On 05/03/2018 03:26 PM, Dave Hansen wrote:
> On 05/03/2018 03:27 PM, prakash.sangappa wrote:
>> If each consecutive page comes from different node, yes in
>> the extreme case is this file will have a lot of lines. All the lines
>> are generated at the time file is read. The amount of data read will be
>> limited to the user read buffer size used in the read.
>>
>> /proc/<pid>/pagemap also has kind of  similar issue. There is 1 64
>> bit value for each user page.
> But nobody reads it sequentially.  Everybody lseek()s because it has a
> fixed block size.  You can't do that in text.

The current text based files  on /proc does allow seeking, but it will not
help to seek to a specific VA(vma) to start from, as the seek offset 
will be the
offset in the text. This is the case with using 'seq_file' interface in the
kernel to generate the /proc file content.

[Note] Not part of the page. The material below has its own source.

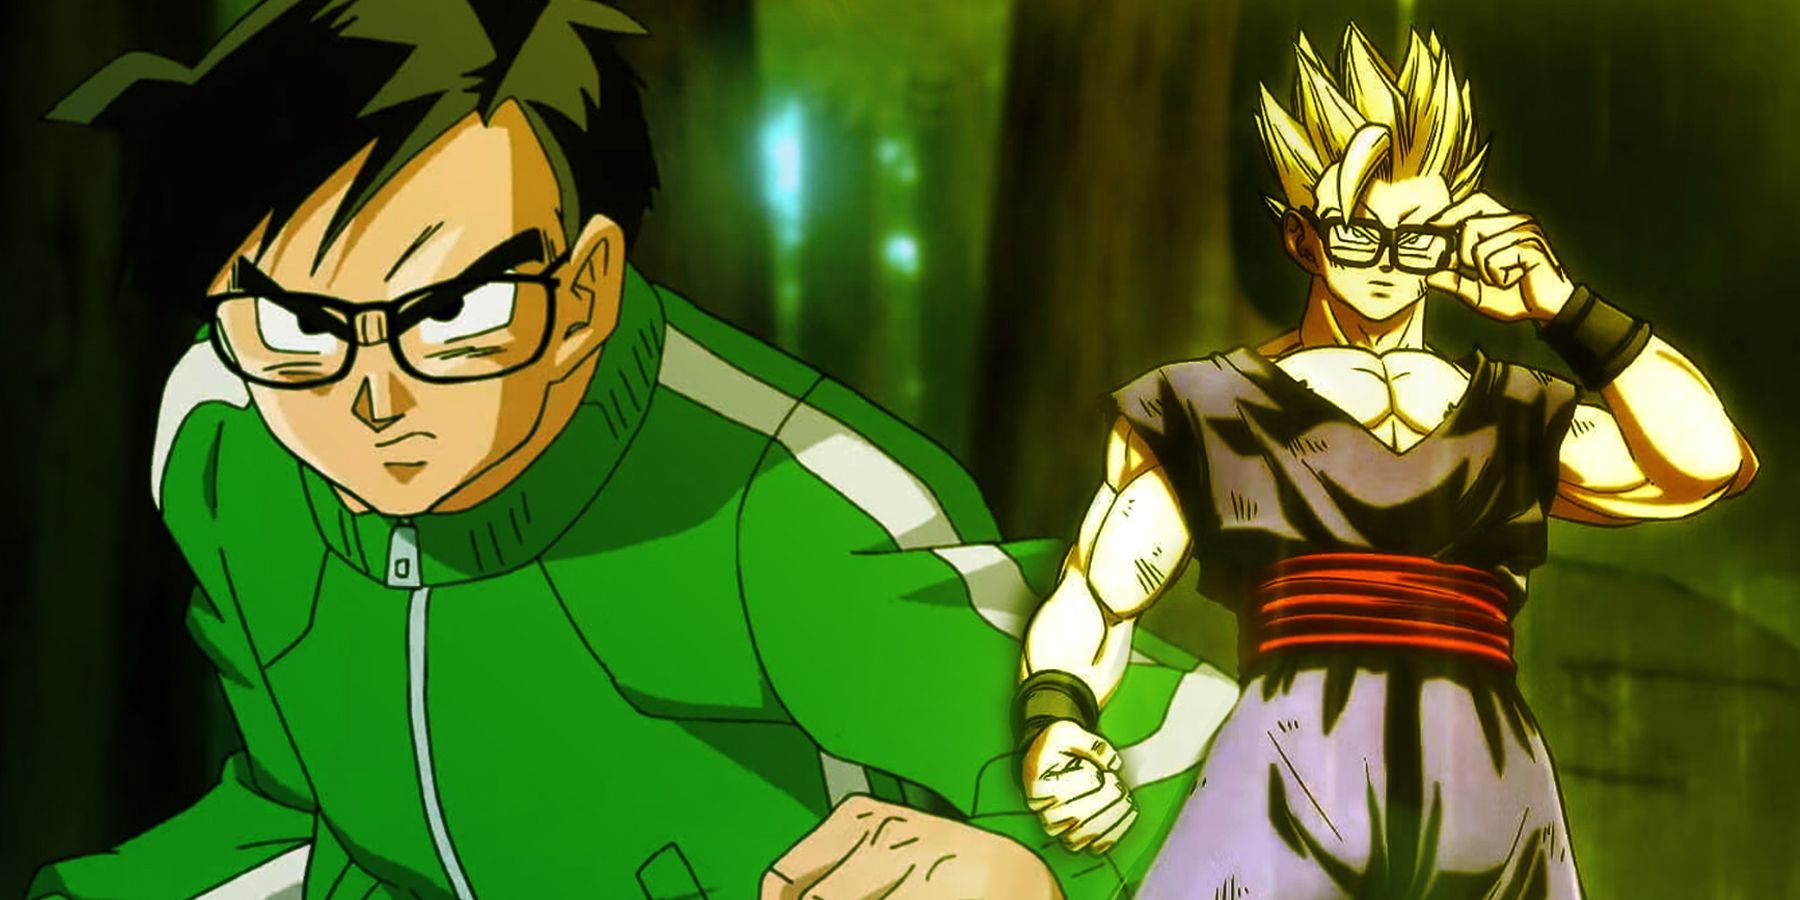 Dragon Ball Super: Super Hero Was Wrong to Make Gohan Fight Again
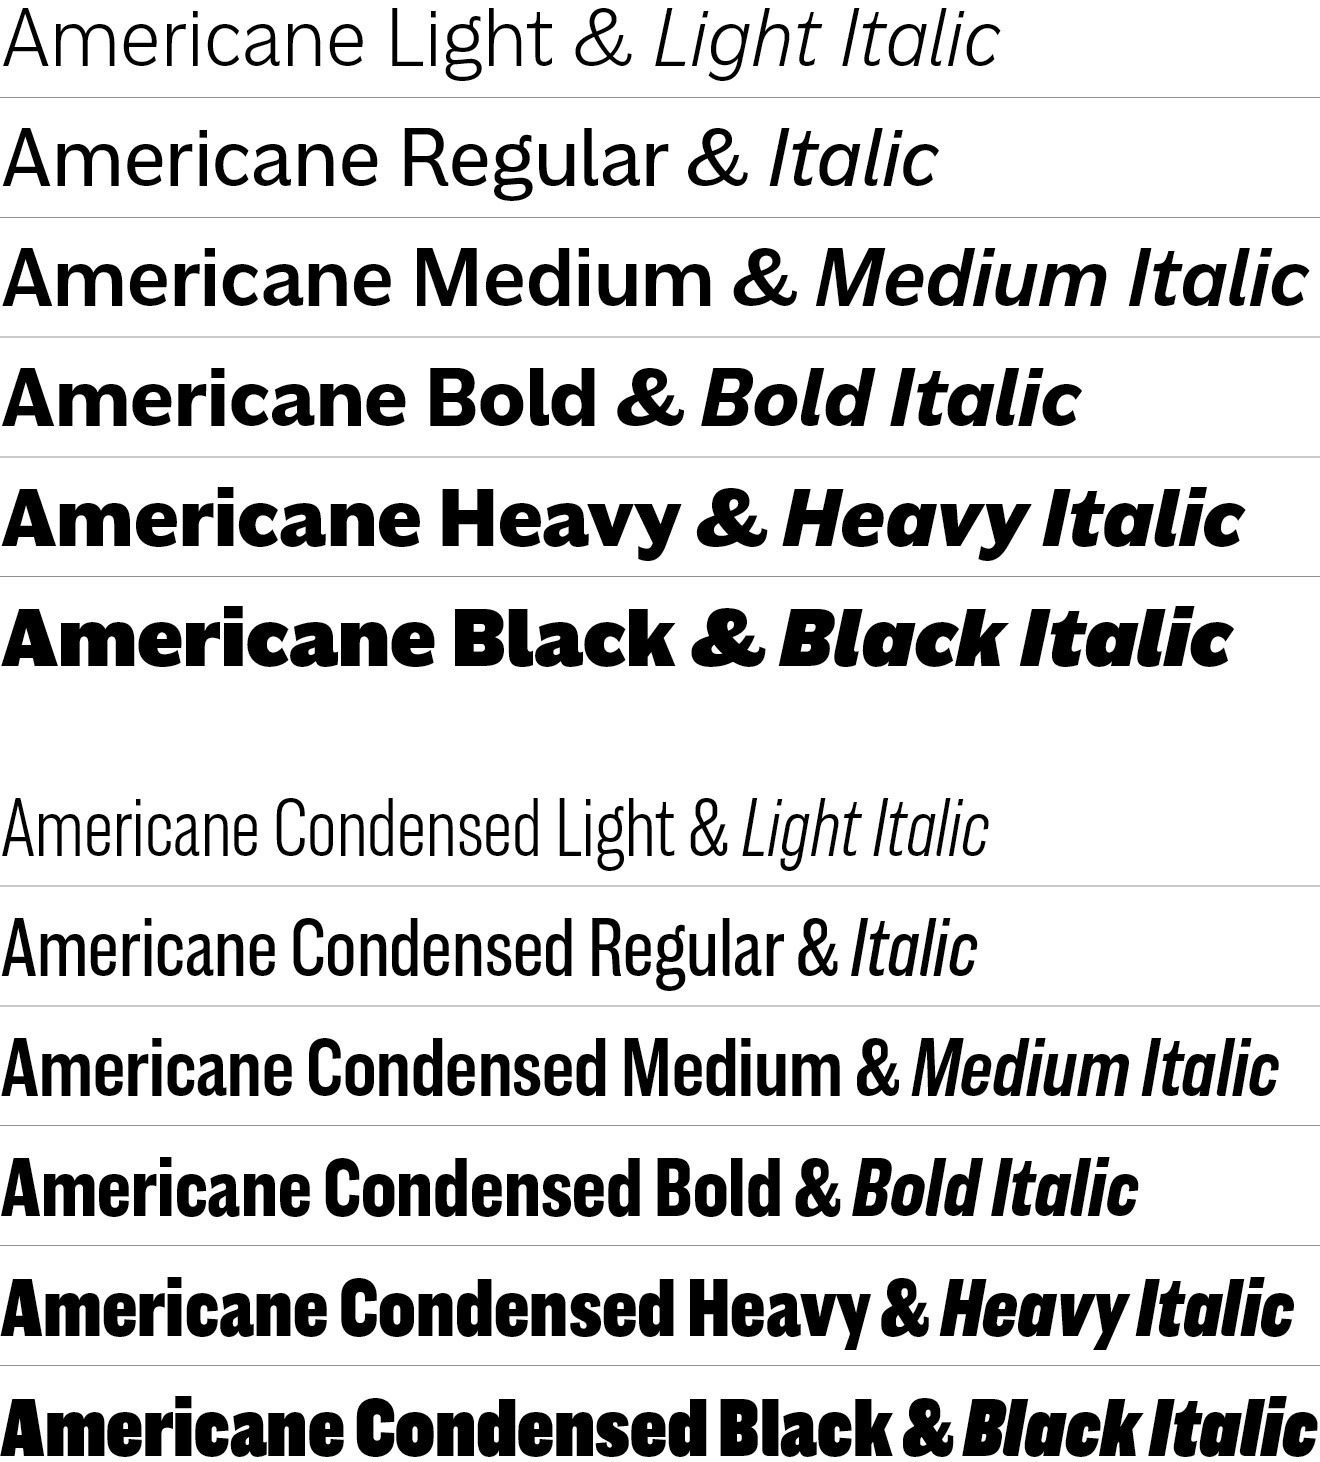 The Americane type system contains 24 Fonts

However, with the proposed new file, we could allow seeking to specified
virtual address. The lseek offset in this case would represent the 
virtual address
of the process. Subsequent read from the file would provide VA range to 
numa node
information starting from that VA. In case the VA seek'ed to is invalid, 
it will start
from the next valid mapped VA of the process. The implementation would
not be based on seq_file.

For example.
Getting numa node information for a process having the following VMAs 
mapped,
starting from '006dc000'

00400000-004dd000
006dc000-006dd000
006dd000-006e6000

Can  seek to VA 006dc000 and start reading, it would get following

006dc000-006dd000 N1=1 kernelpagesize_kB=4 anon=1 dirty=1 
file=/usr/bin/bash
006dd000-006de000 N0=1 kernelpagesize_kB=4 anon=1 dirty=1 
file=/usr/bin/bash
006de000-006e0000 N1=2 kernelpagesize_kB=4 anon=2 dirty=2 
file=/usr/bin/bash
006e0000-006e6000 N0=6 kernelpagesize_kB=4 anon=6 dirty=6 
file=/usr/bin/bash
..


One advantage with getting numa node information from this /proc file vs 
say
using 'move_pages()' API, will be that the /proc file will be able to 
provide address
range to numa node information, not one page at a time.